> [WHAT YOU WILL DO] What follows is a listing to transcribe exactly, leaving the pictures out.

> [DATASET EXTRACT]
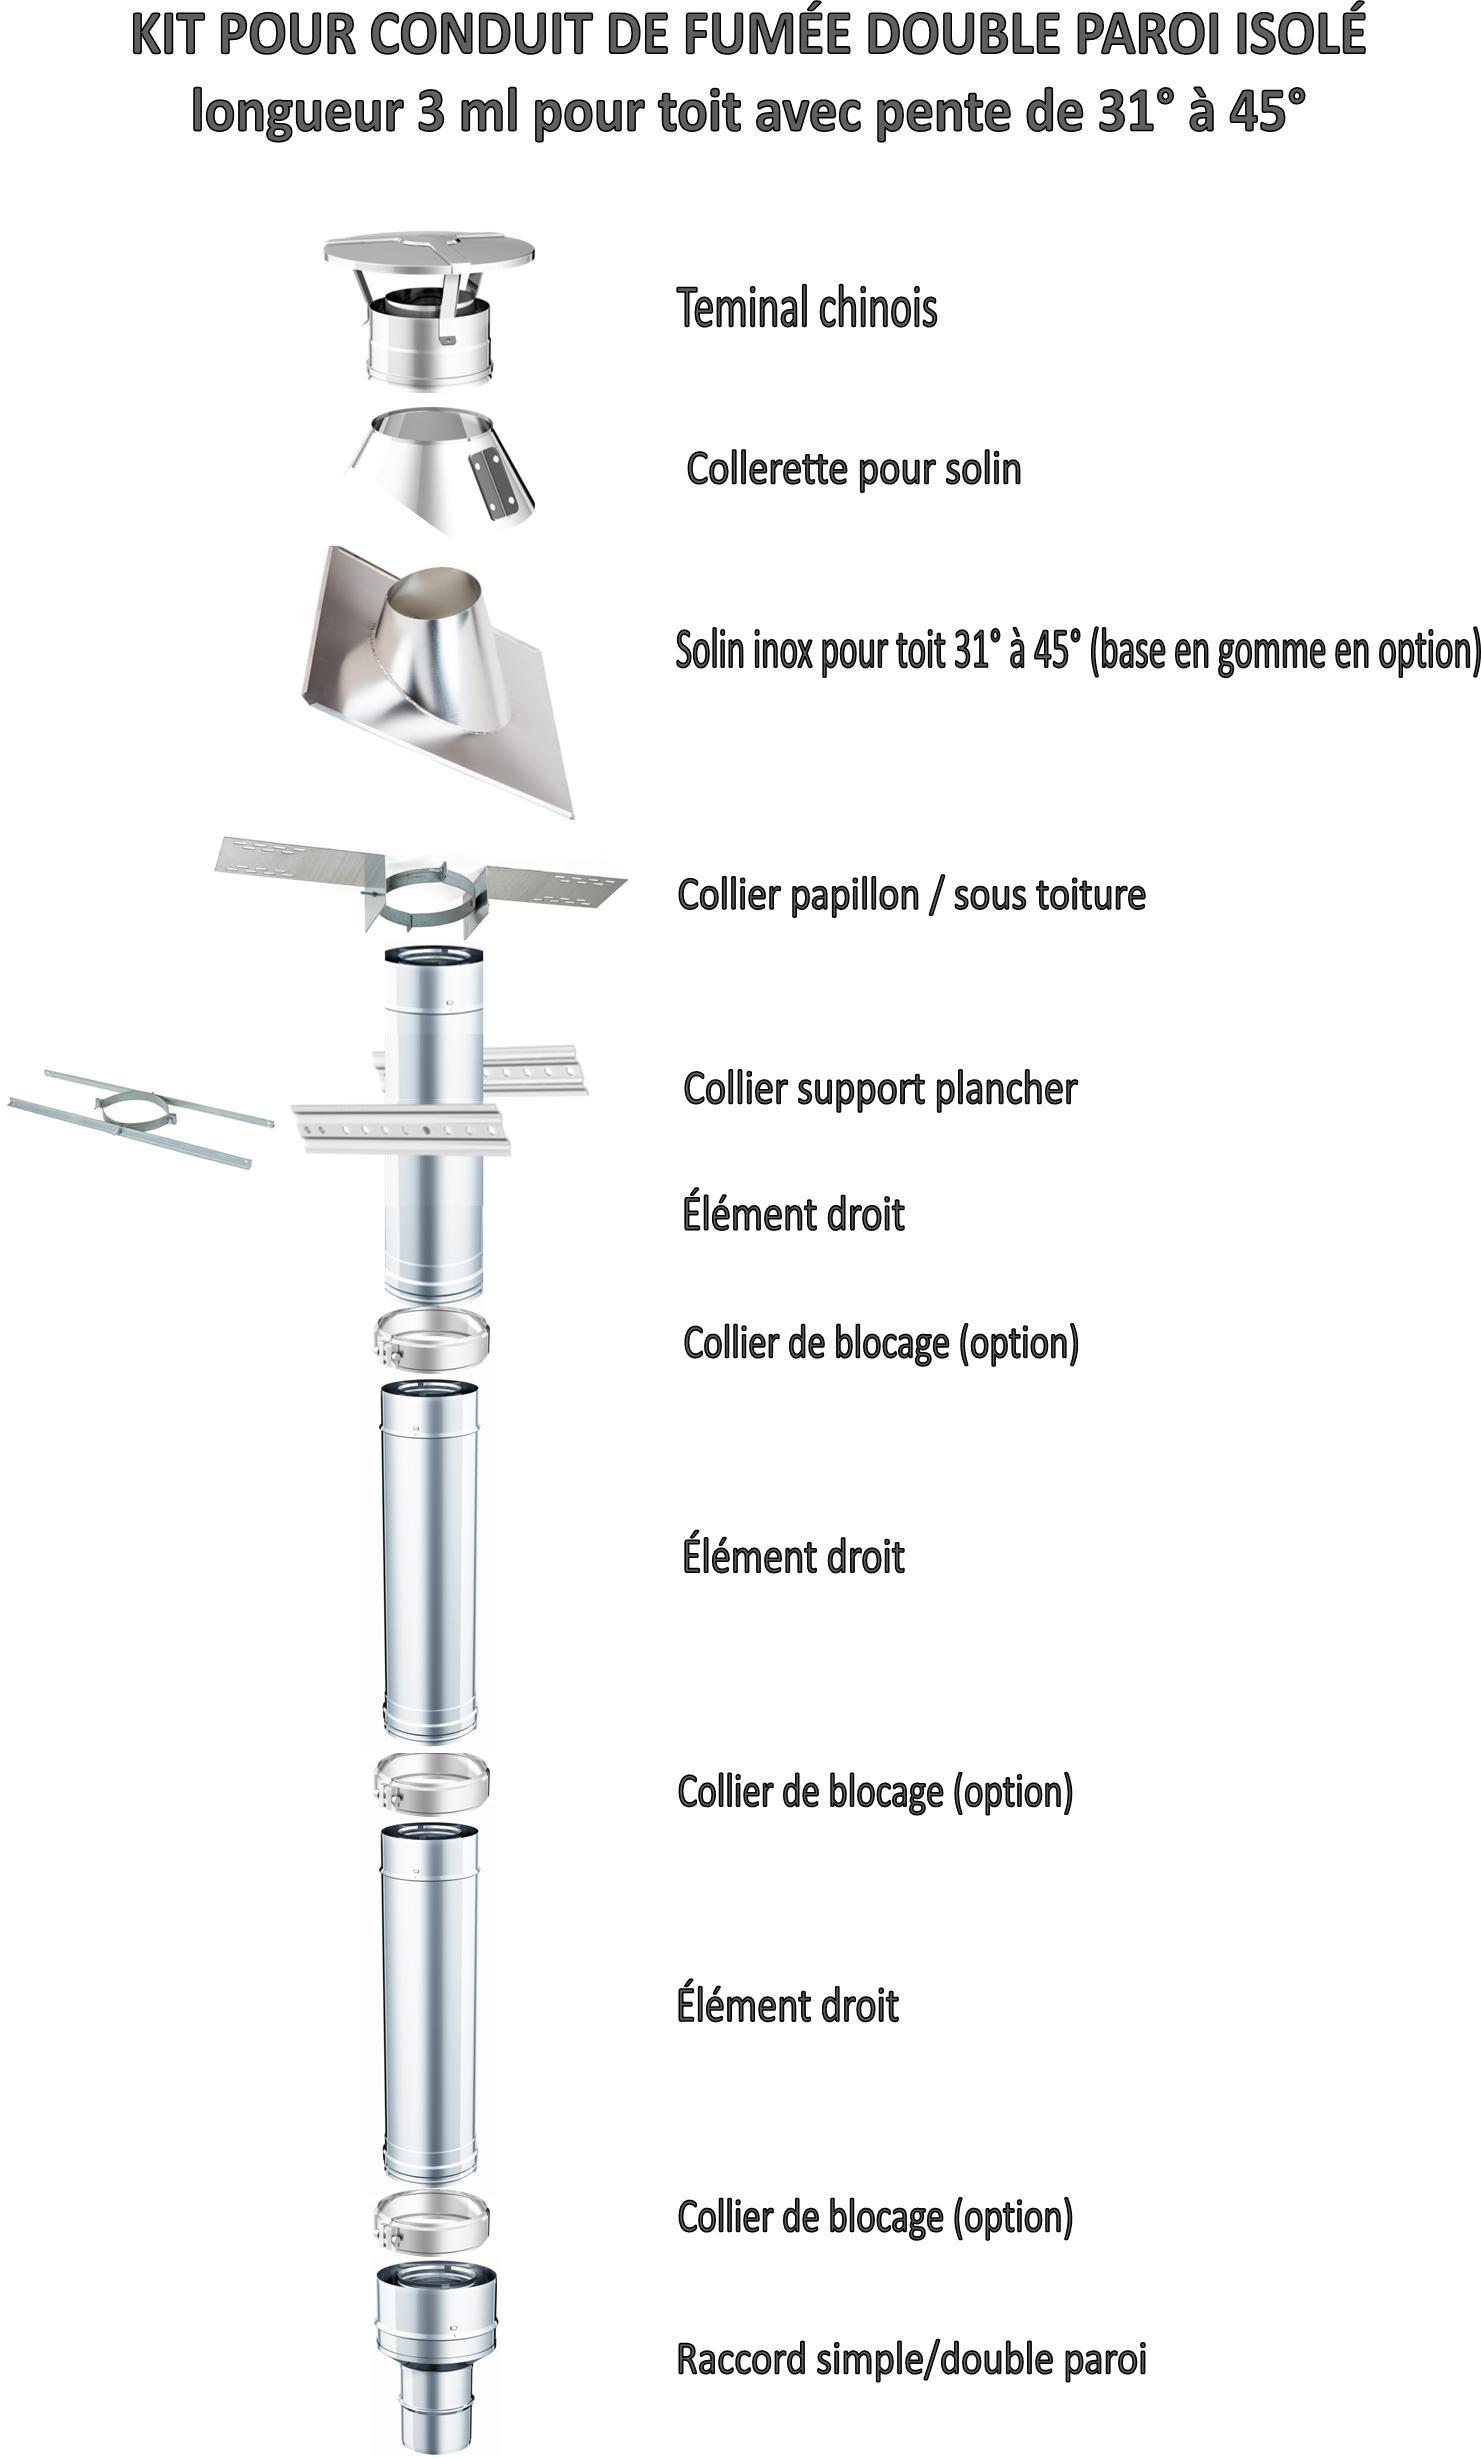 Cache Pour Conduit De Cheminée kit n°12 - pour toit 31° à 45° longueur 3ml Ø 200mm - réf
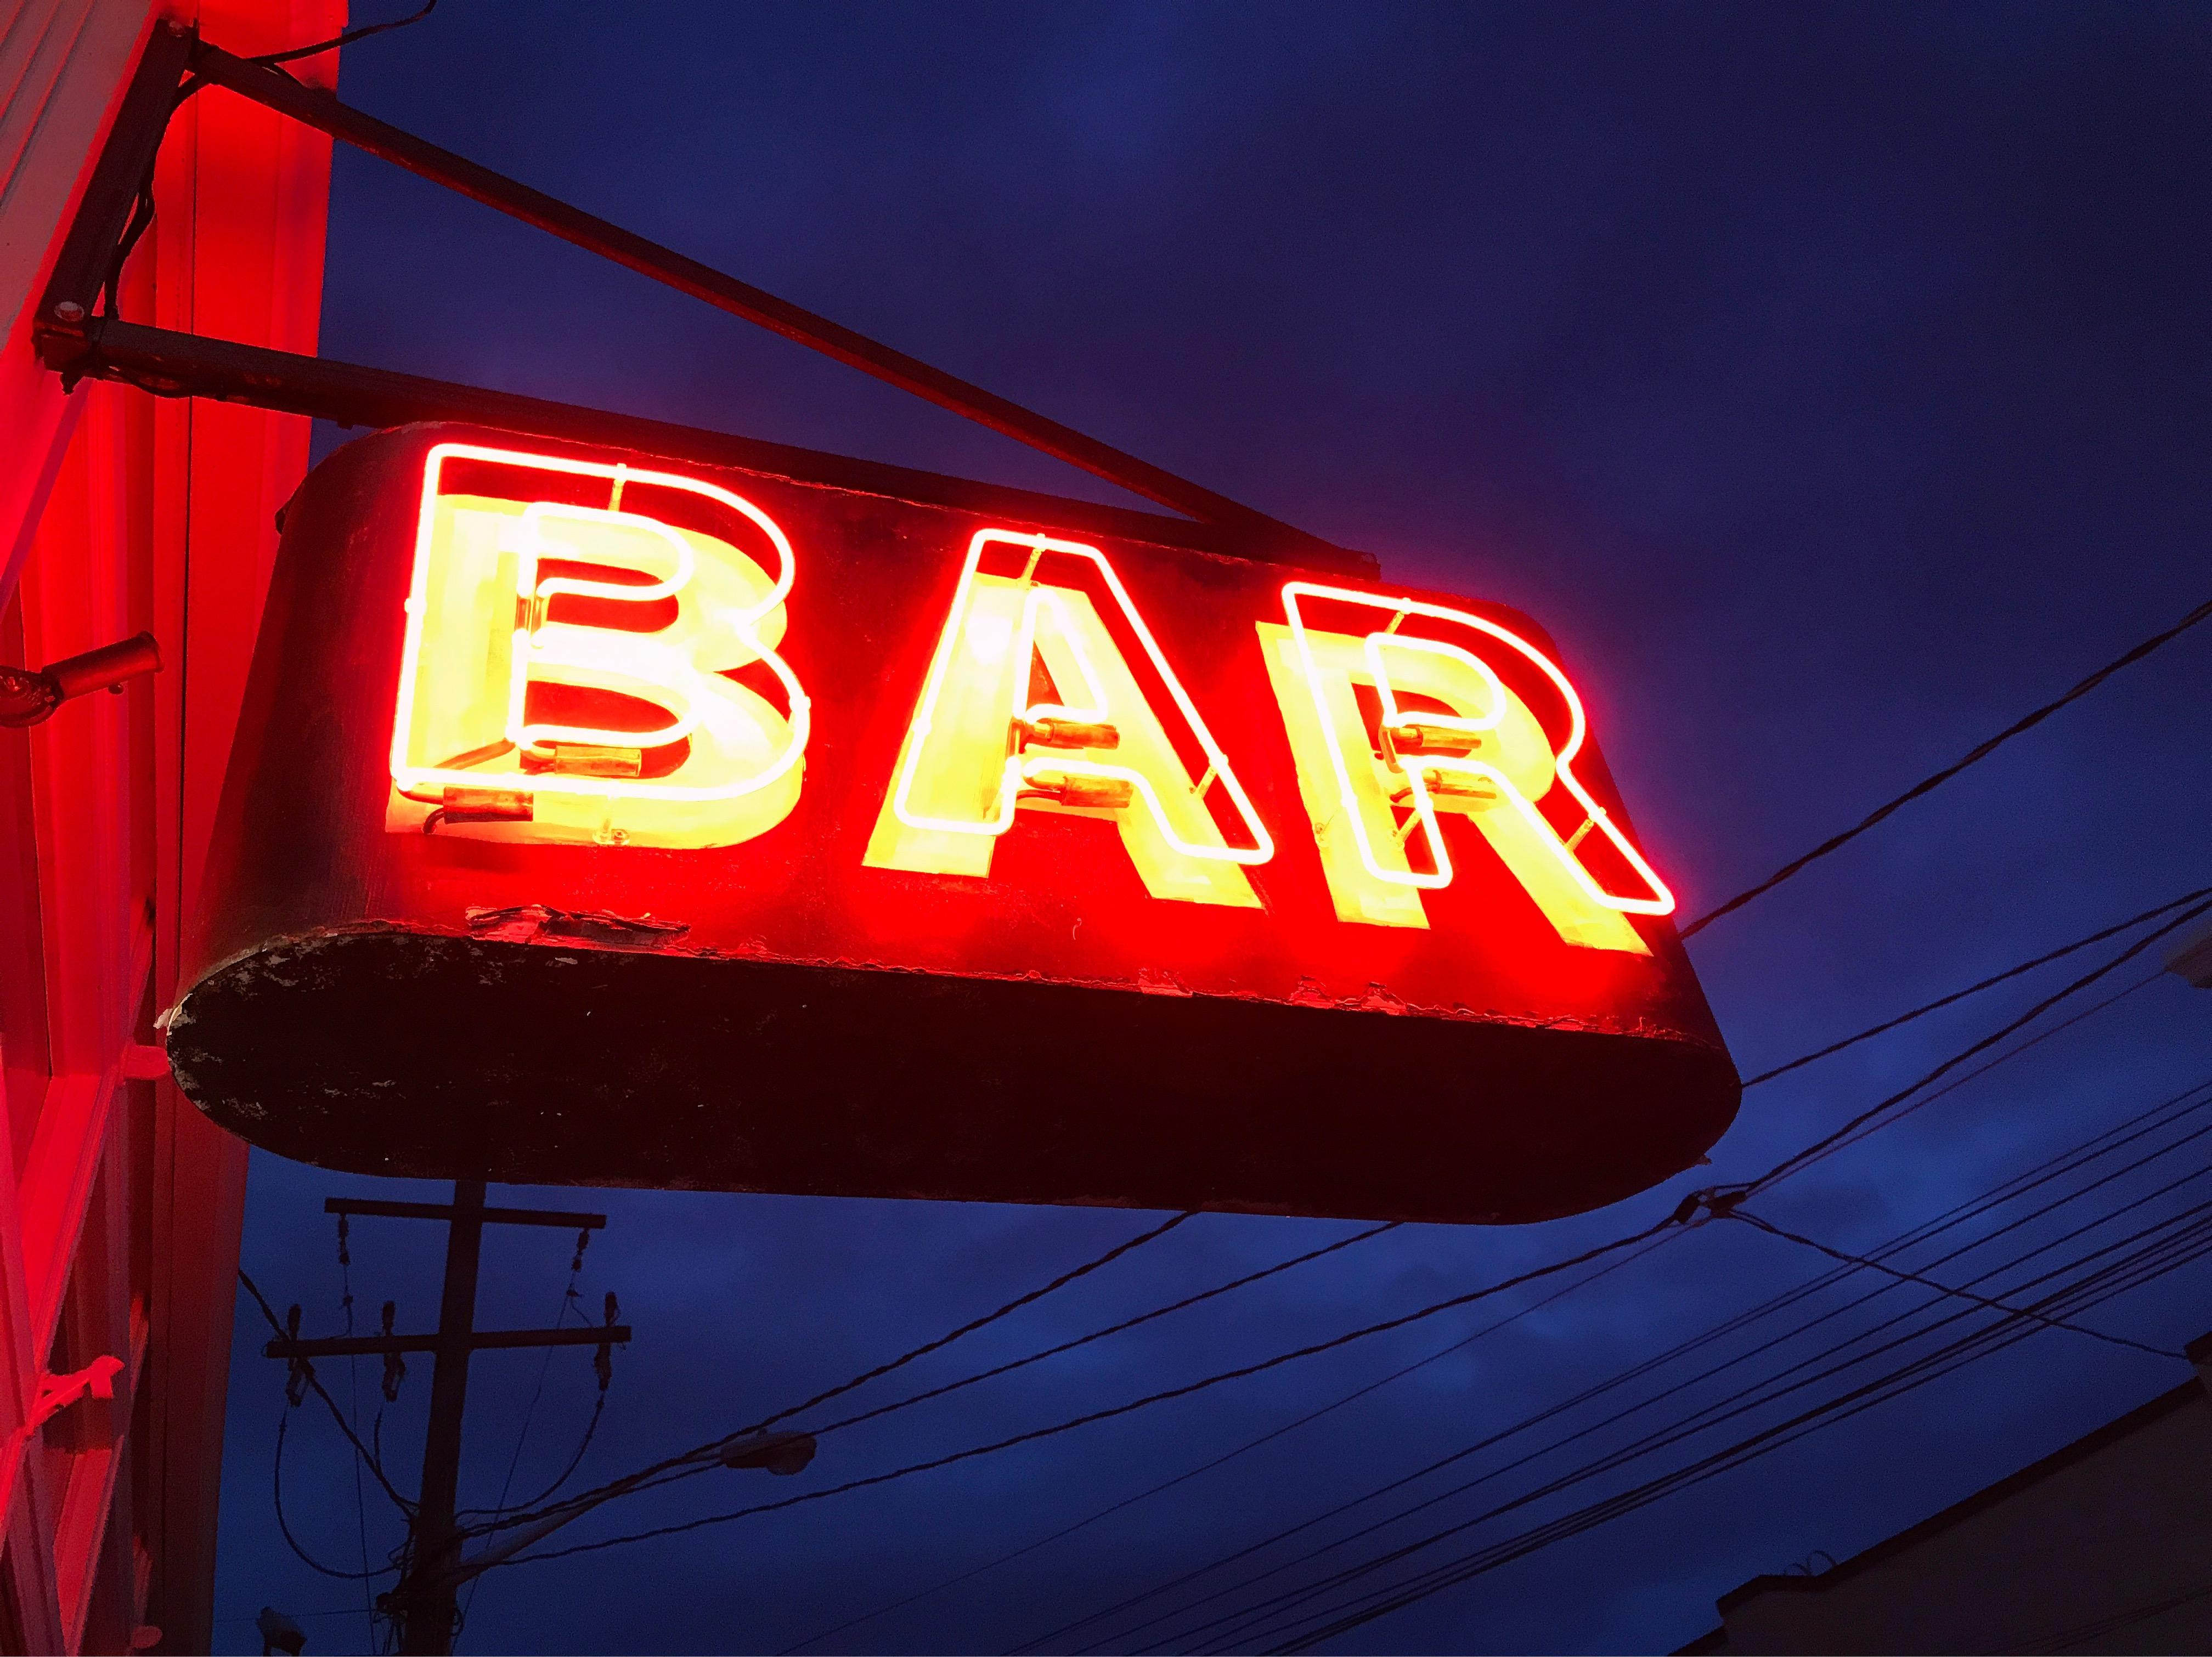 KS Ray's Bar
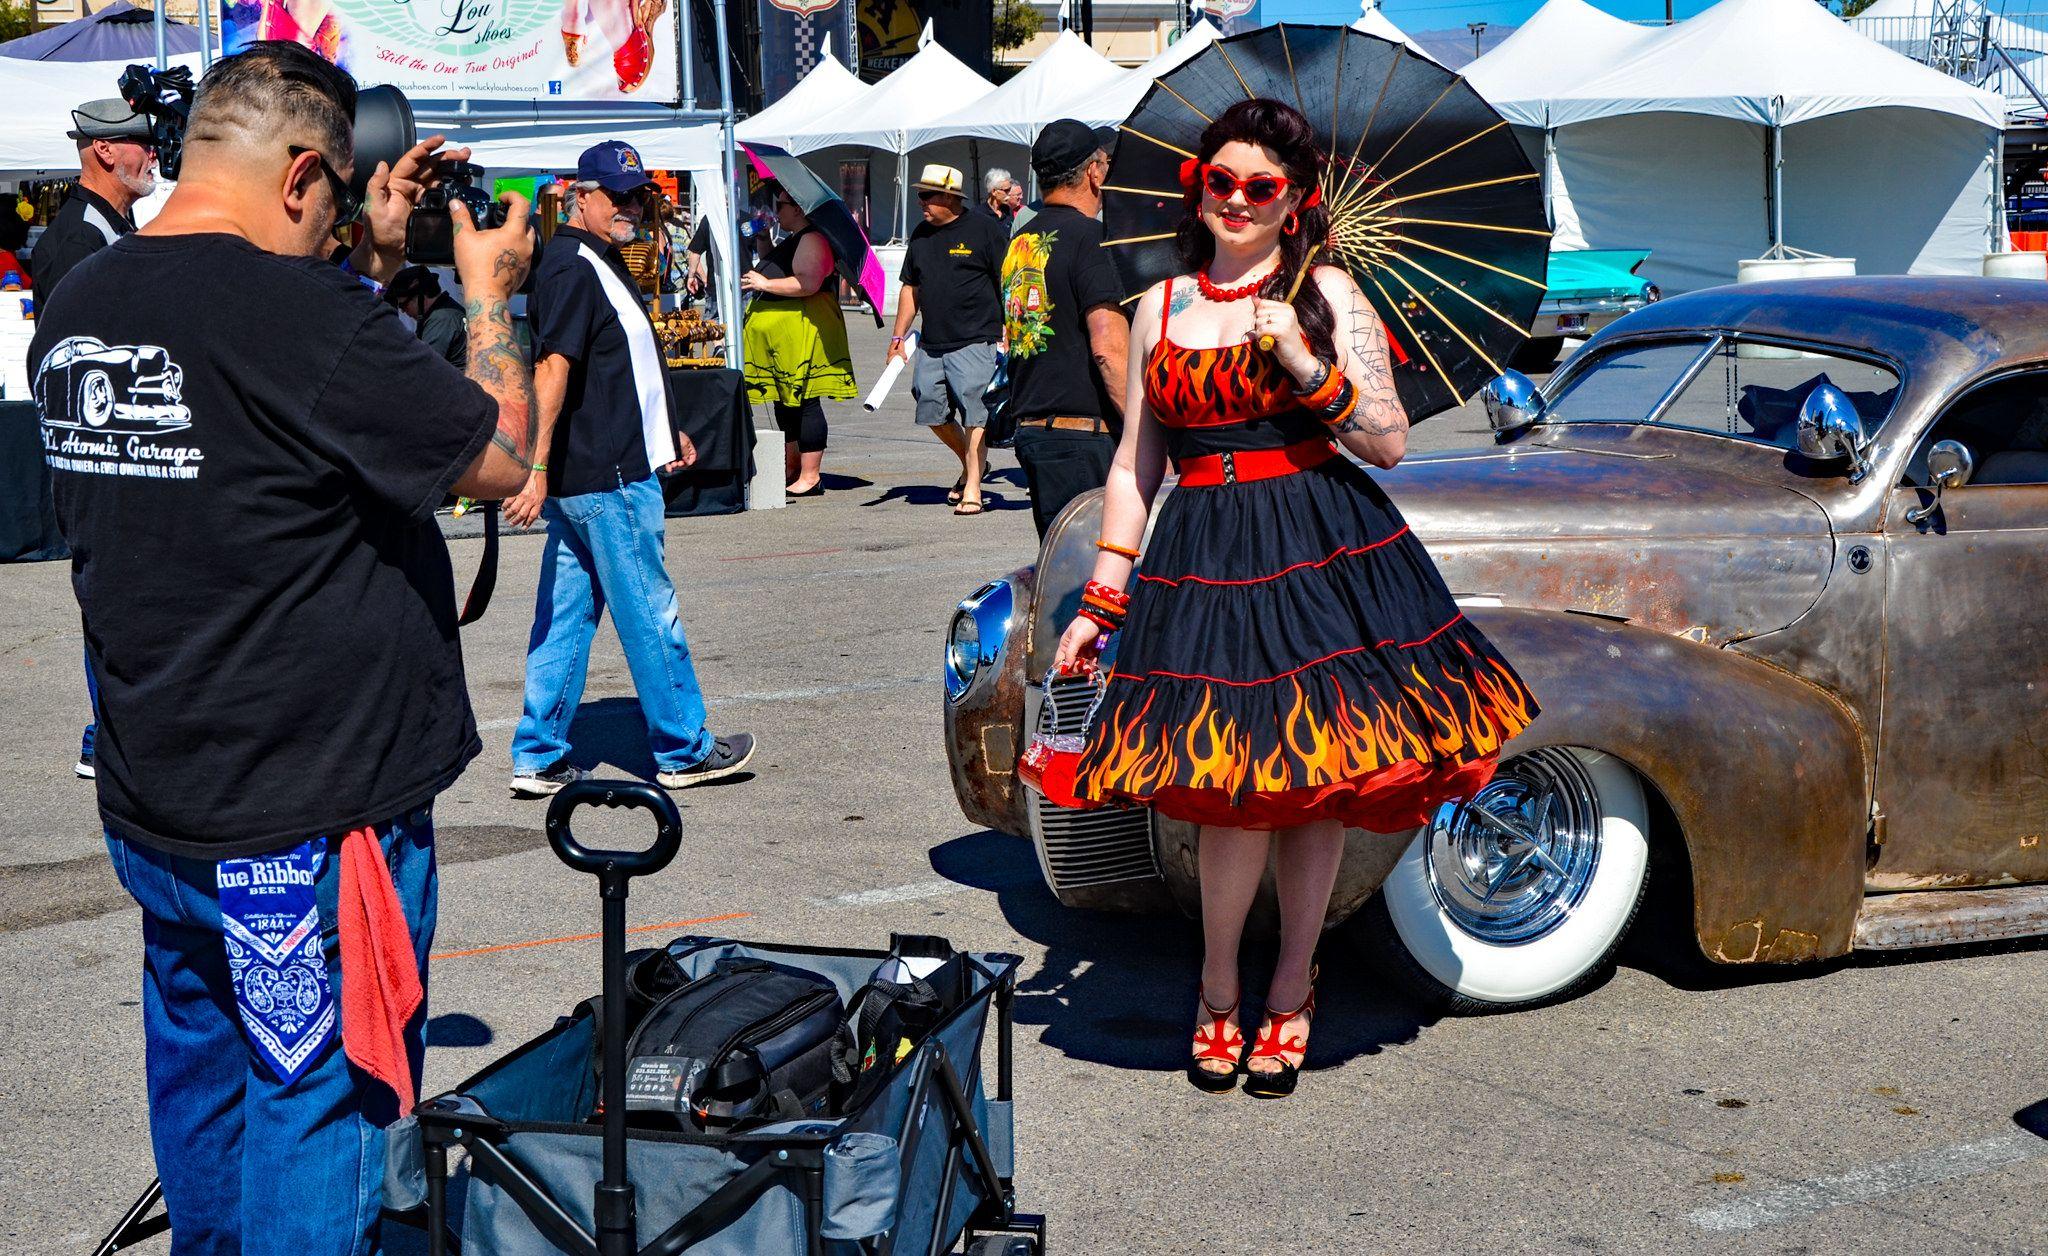 Viva Las Vegas Rockabilly Hot Rodder Car Show TDelCoro Plane - Rockabilly car show las vegas 2018

> [THE COMPLETED TASK]
 Cache Pour Conduit De Cheminée kit n°12 - pour toit 31° à 45° longueur 3ml Ø 200mm - réf
 KS Ray's Bar
 Viva Las Vegas Rockabilly Hot Rodder Car Show TDelCoro Plane - Rockabilly car show las vegas 2018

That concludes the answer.